Het geldt vooral voor maandagmorgens. Het mooiste moment
van de dag, de grens tussen ontwaken en nog even blijven liggen, heel eventjes
maar. Er zijn honderdenéén smoesjes te bedenken om er niet ééntweedrie uit te
springen, maar je vol overgave je koesteren onder het dekbed dat precies-nu-nét-zo-lekker-warm-is,
en waarom ’s avonds – als je erin moet – zo ijzig koud?
Eén reden voor liggen blijven is dat de donzige dekmantel
nog even afsluit van de werkelijke wereld en de dingenvandedag. Maar de
wekkerradio op het nachtkastje rukt me onherroepelijk uit de sluimerstand.
Ineens krijg ik kippenvel, onder het dons. Vandaag wordt er ontruimd! Dik 100
asielzoekers moeten vandaag vertrekken uit de kantoorflat in Slotervaart. De
projectontwikkelaar en eigenaar heeft andere plannen met het onroerend goed.
Begrijpelijk en volkomen legaal. Alleen, met de winter voor de deur, een hele
groep mensen (met kinderen?) lukraak op straat zetten? Dat klinkt als
on(t)roerend fout.
Gisteren was het precies 70 jaar geleden dat (op 29
september 1943) de laatste razzia plaatsvond in Amsterdam. Honderden Joden
werden uit hun huizen gehaald en weggevoerd.
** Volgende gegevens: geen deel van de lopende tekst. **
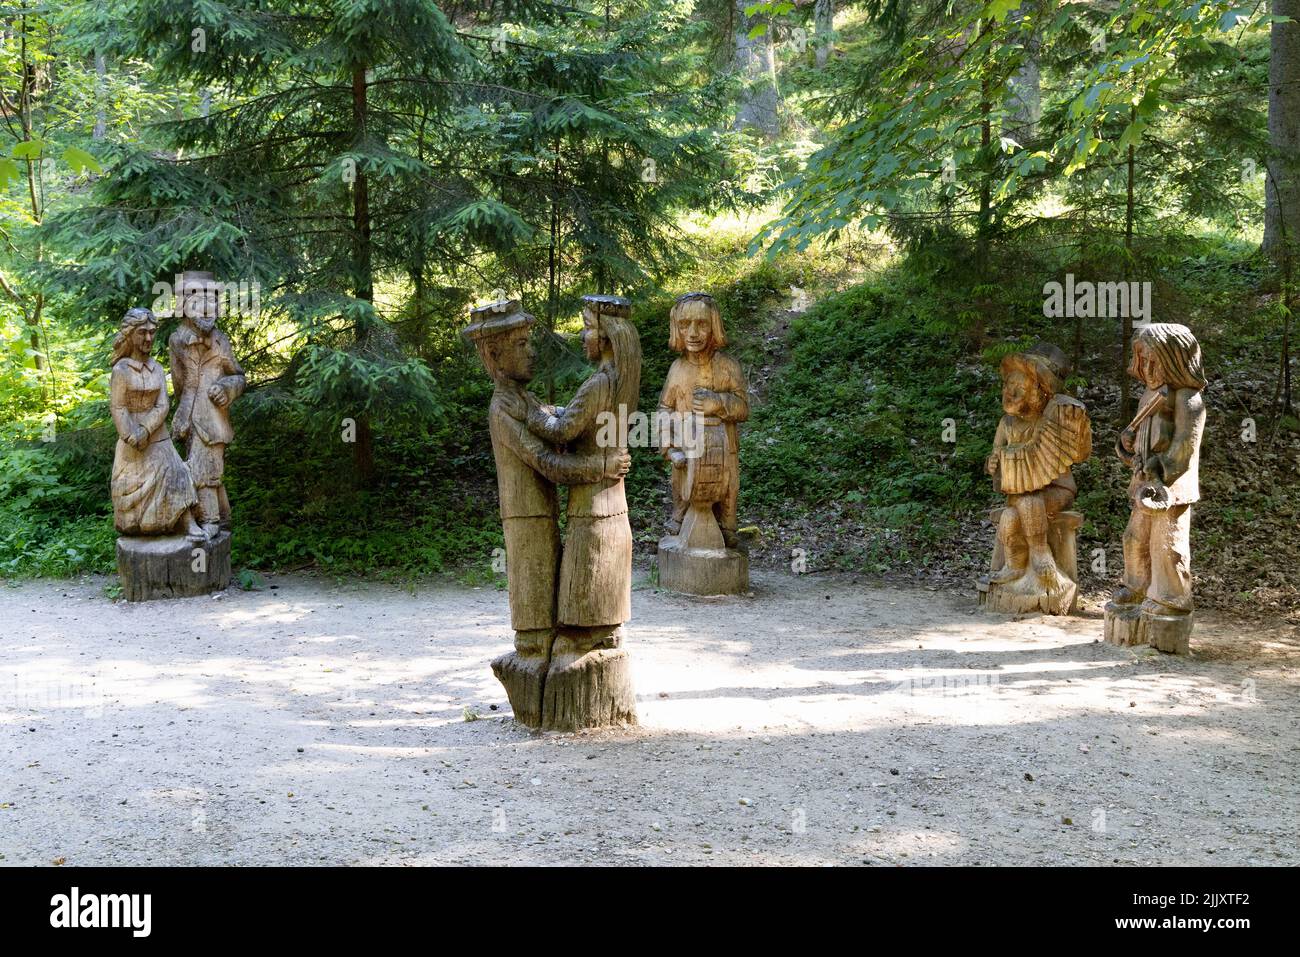 Wedding Party; Hill of Witches outdoor sculpture trail with about 80 traditional pagan wooden statues, Curonian Spit National Park, Lithuania Europe Stock Photo

Het is vast niet politiek
verantwoord om die link te leggen met uitgeprocedeerde asielzoekers, en toch is
die er gevoelsmatig wel.
In gedachten knoop ik het koordje van mijn badjas vast.
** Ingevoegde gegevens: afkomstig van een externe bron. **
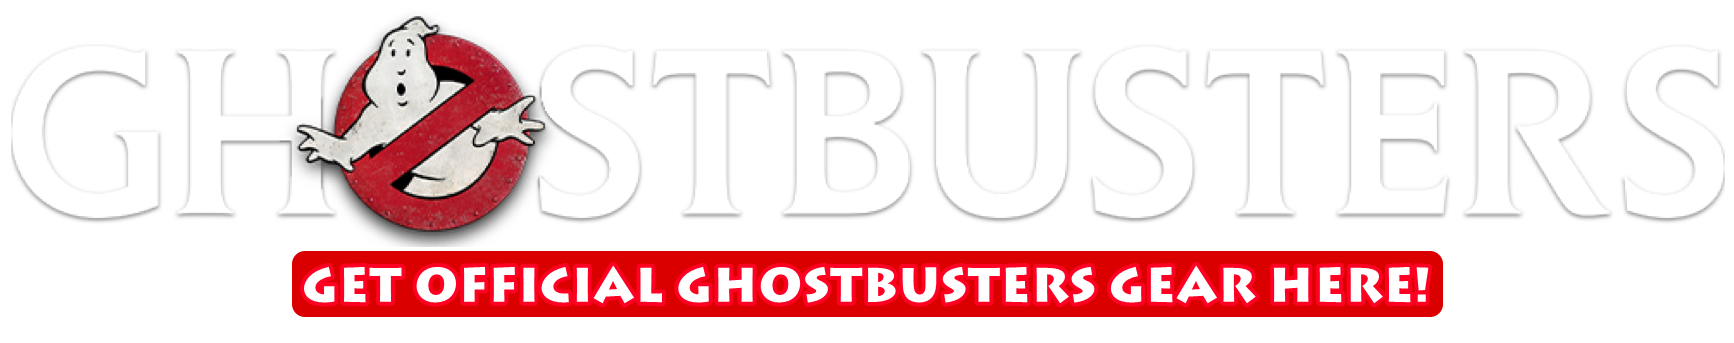 Get official Ghostbusters gear here!

Het is nog vroeg, eerst koffie, douchen en aankleden kan zo wel. Het is zelfs
nog donker. De ochtendkrant ligt op de mat, de poes smikkelt zijn zakje
zachtvoer, de Senseo snort een vers bakje, de ontbijtkoek krijgt een laagje
roomboter (niet te dik!), de kachelplaat voelt behaaglijk warm. Van die zalige
vanzelfsprekendheden waarvan ik me nooit afvraag waarom ik ze verdien. Dáárom. Die
honderdplus (bijna ex-)bewoners, van wat in de volksmond al bekend staat als de
Vluchtflat, hebben geen vanzelfsprekendheden.
De mannen en vrouwen uit Somalië, Sudan, Ethiopië en
Eritrea zijn zonder verblijfspapieren. Zonder elektriciteit en warm water ook,
heb ik begrepen. En zeer binnenkort dus ook zonder dak boven hun hoofd. Als ons
internet eruit ligt, gillen we al moord en brand (ja, ook ik, toegegeven). Ik
herinner me nog hun zwerftocht van het tentenkamp in Osdorp en de St. Jozefkerk
in Amsterdam-West (de ‘Vluchtkerk’) naar de Vluchtflat. Een lekker dagje kantoor
hoort er vanaf vandaag ook niet meer bij.
Een nomadenbestaan. Eigenlijk precies wat ze gewend zijn.
Wat zullen ze zich thuis voelen in ons vaderland. Ons volkslied een beetje
aanpassen, wat multicultureler? Dan misschien ook maar een nieuwe melodie? Wat te
denken van ‘Vluchten kan niet meer’, van Jenny Arean en Frans Halsema?
‘Schuilen kan nog wel, schuilen bij elkaar.’
Als ik het lichtje boven het bureau aanknip en de
knalgele reclameboekjes zie liggen, die afgelopen weekend in de brievenbus
rolden, voel ik schaamte. De Drie Dwaze Dagen van de Bijenkorf. Volgens mij
zijn het er heel wat meer.
Ik wens veel wijsheid aan Burgemeester Eberhard van der
Laan en het Openbaar Ministerie. En misschien ook een vleugje barmhartigheid?